О довоенном времени генерал вспоминал не без удовольствия — оно перло из него без его желания и ведома и придавало нашим разговорам своеобразный характер.
— Если бы я вышел на волю, то постарался бы купить подержанный офицерский белый полушубок, — говорил я мечтательно. — Что за прелесть! Нарядно, легко, красиво!
Генерал снисходительно улыбнулся.
— Вы отвыкли в лагере от красивых вещей, Дмитрий Александрович! По-настоящему хорошего белого полушубка вы ещё не видели. Как-то я принимал заказ на десять тысяч белых полушубков и попутно мне изготовили сотню по особым указаниям. Вот это были полушубки! Сверху кожа, как белая бархатная замша для дамских перчаток, а внизу мех похож на гагачий пух. Мизинцем поднимаешь такую вещицу!
— А для чего вам понадобилась сотня?
Генерал высокомерно поднял правую бровь.
— Как на что? Себе, детям, родственникам. А главное — начальникам: ведь и они тоже люди, не правда ли? На Кавказе я как-то заказал крупную партию казачьих бурок, чёрных, обыкновенных. А для себя, семьи и начальства попутно отхватил два десятка белоснежных, отороченных серебром!
— Да где же ваша жена и дочери носили потом такие бурки?
— Нигде, разумеется! В них нельзя было показаться на улице: слишком шикарно. Но пусть лежат — это ценные вещи, понимаете, те же деньги!
В разделе Польши Романов участвовал с казачьими войсками генерала Ерёменко. Польскую границу перешли на конях, бойцы были вооружены пиками и саблями; с другой стороны им навстречу катился на танках и броневиках гитлеровский вермахт.
— Наш штаб остановился в богатом предместье промышленного городка, — рассказывал генерал. — Я осмотрелся и занял виллу какого-то варшавского богача.
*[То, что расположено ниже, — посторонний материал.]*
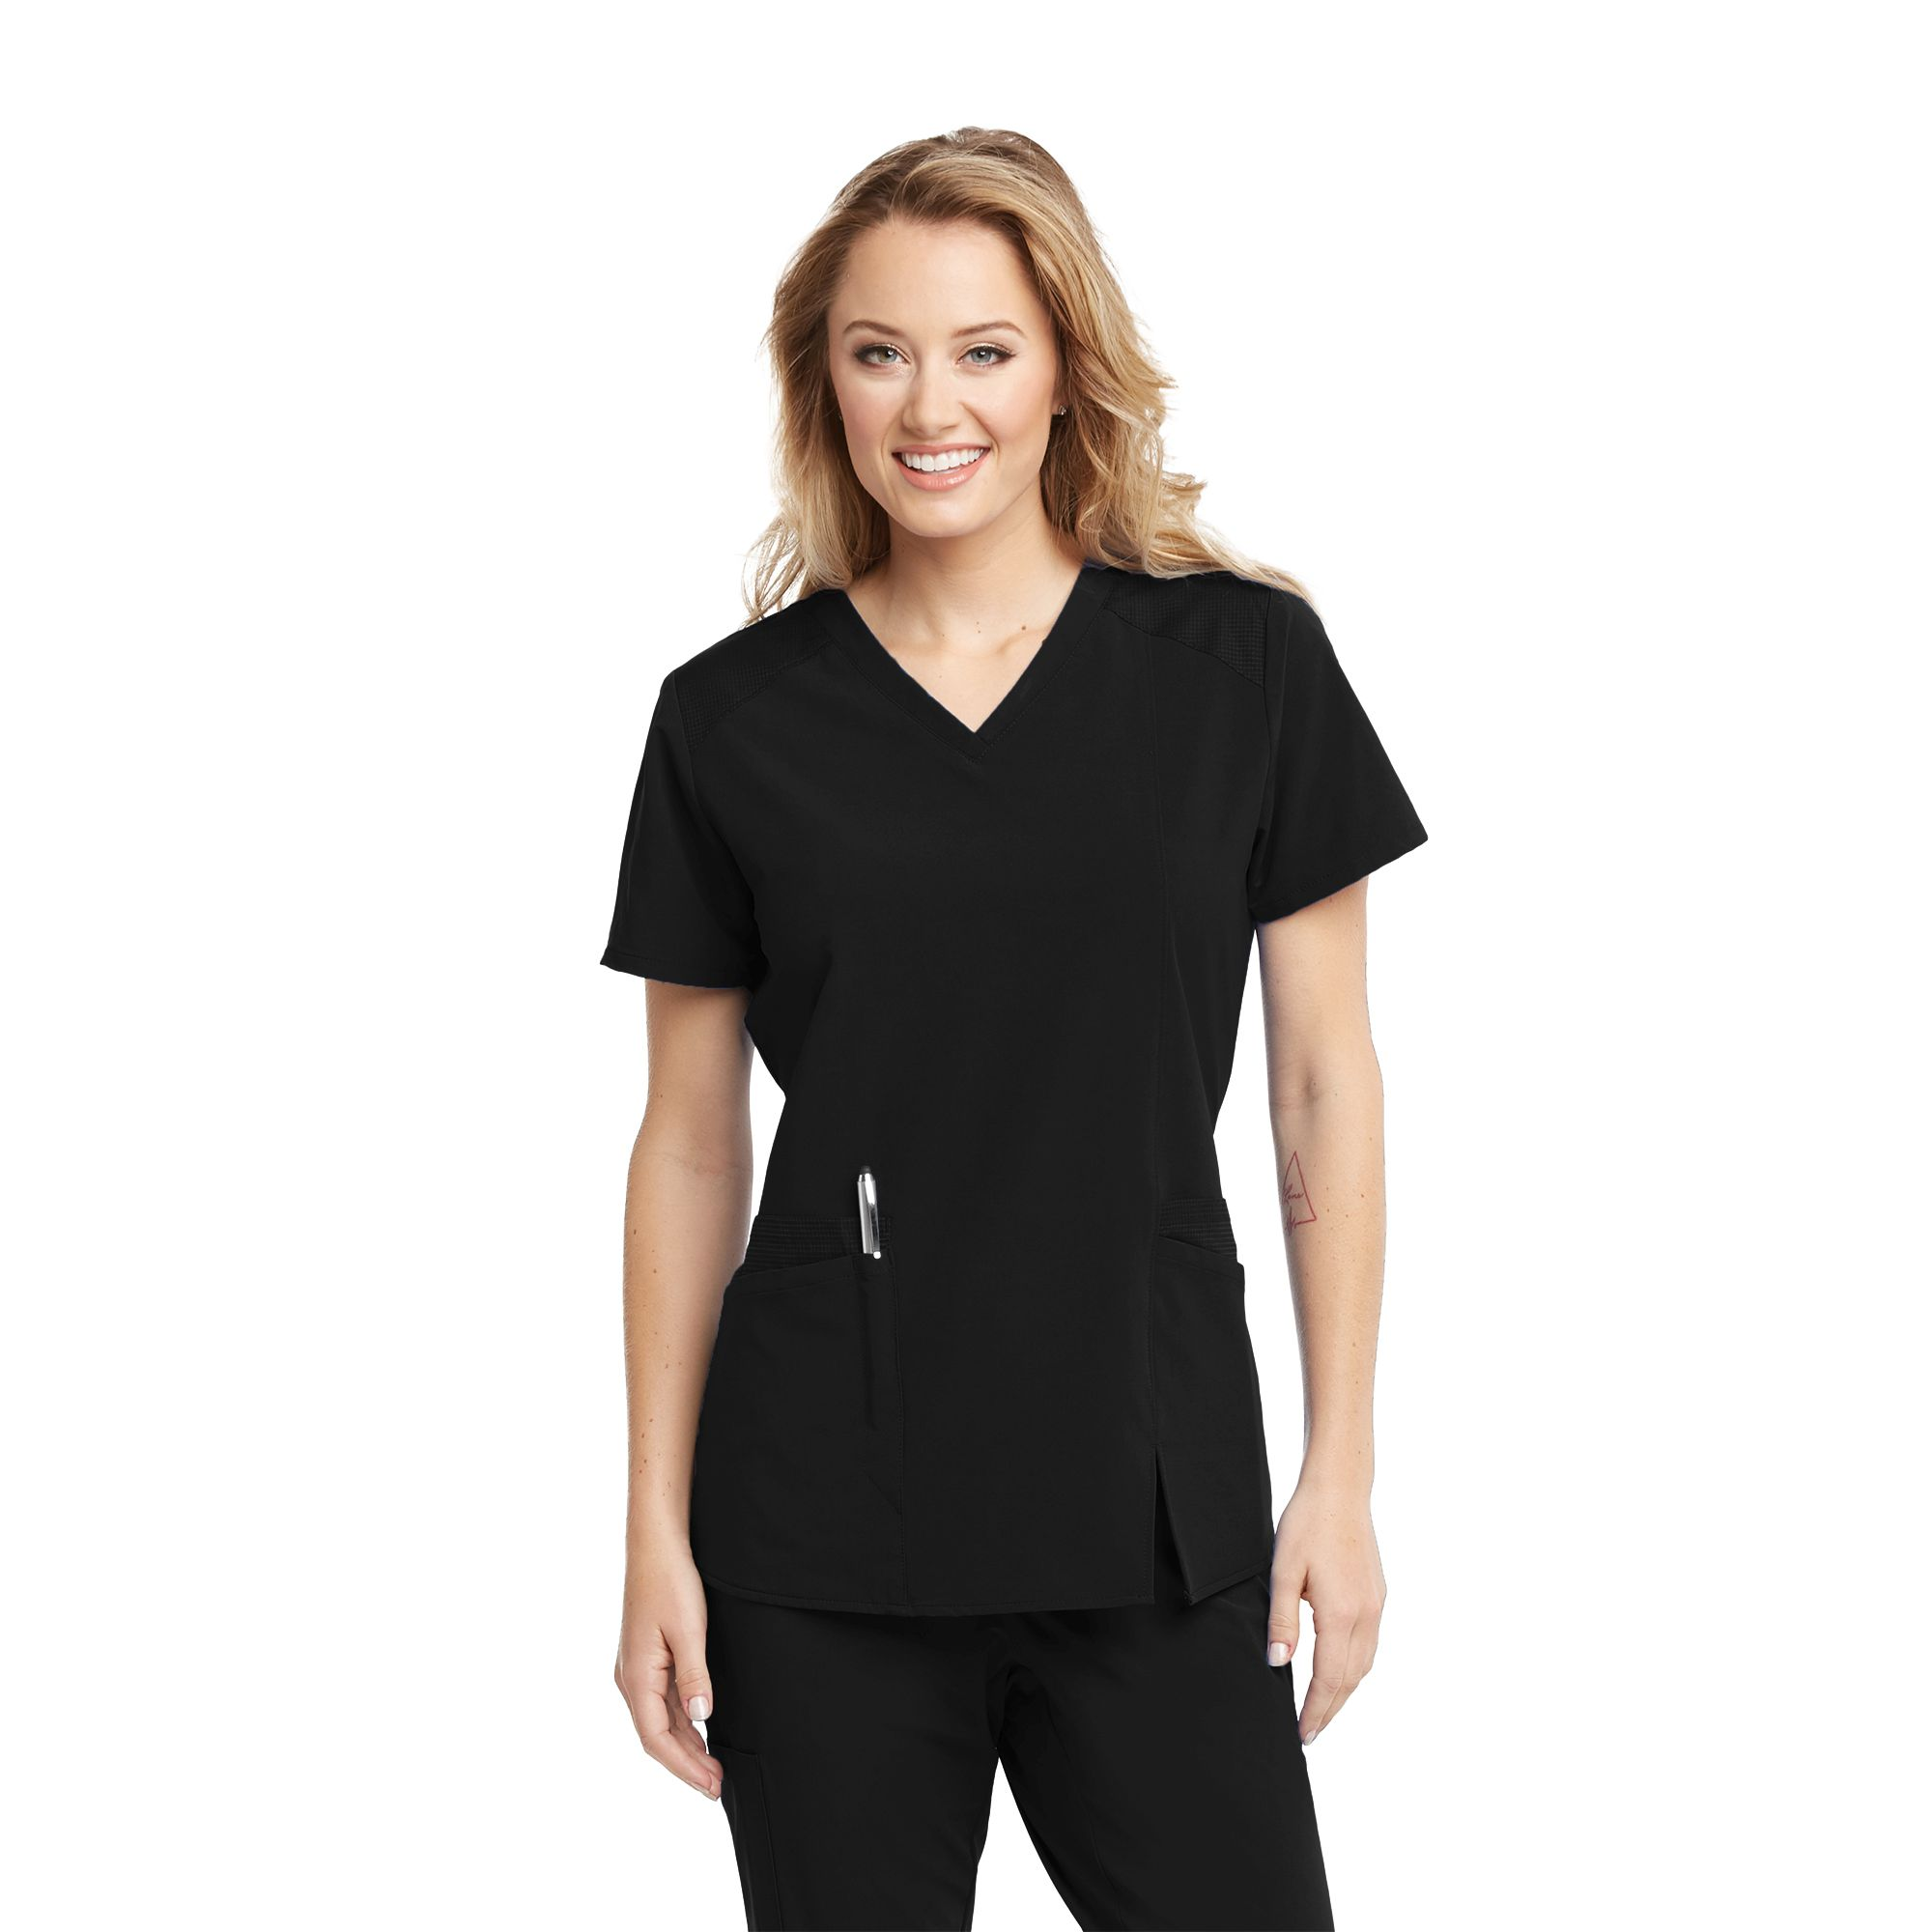 Barco One Wellness 4 Pocket V-Neck Contrast Shoulder Front Split-Barco Wellness

Дом был пустой. Обошёл, посмотрел: посуда так себе, серебро хозяева успели прихватить. Но на стенах остались картины, а я — любитель и ценитель живописи. Чувствую, что вещи художественные, любуюсь ими, но как их оценить, что выбрать — не знаю. Помог случай. Иду по улице и вижу — с протянутой шляпой просит милостыню высокий красивый старик очень культурного вида. Разговорились. Старик оказался профессором Варшавской академии живописи, он случайно отстал из-за больной дочери и не попал в поезд при бегстве поляков на запад, оба теперь голодают. Я привёл его на виллу, накормил и увязал для дочери недурной пакет, а старик тем временем оценил картины. Среди них оказались работы известных польских мастеров, две малоизвестные Сезанна и один Дюрер — так себе, небольшой рисуночек, но мастерский. Я их упаковал вместе с заверенными у нотариуса справками профессора. Шофер Иван смотался в Москву и потом всю войну крейсеровал между фронтом и домом! У профессора оказалась лёгкая рука!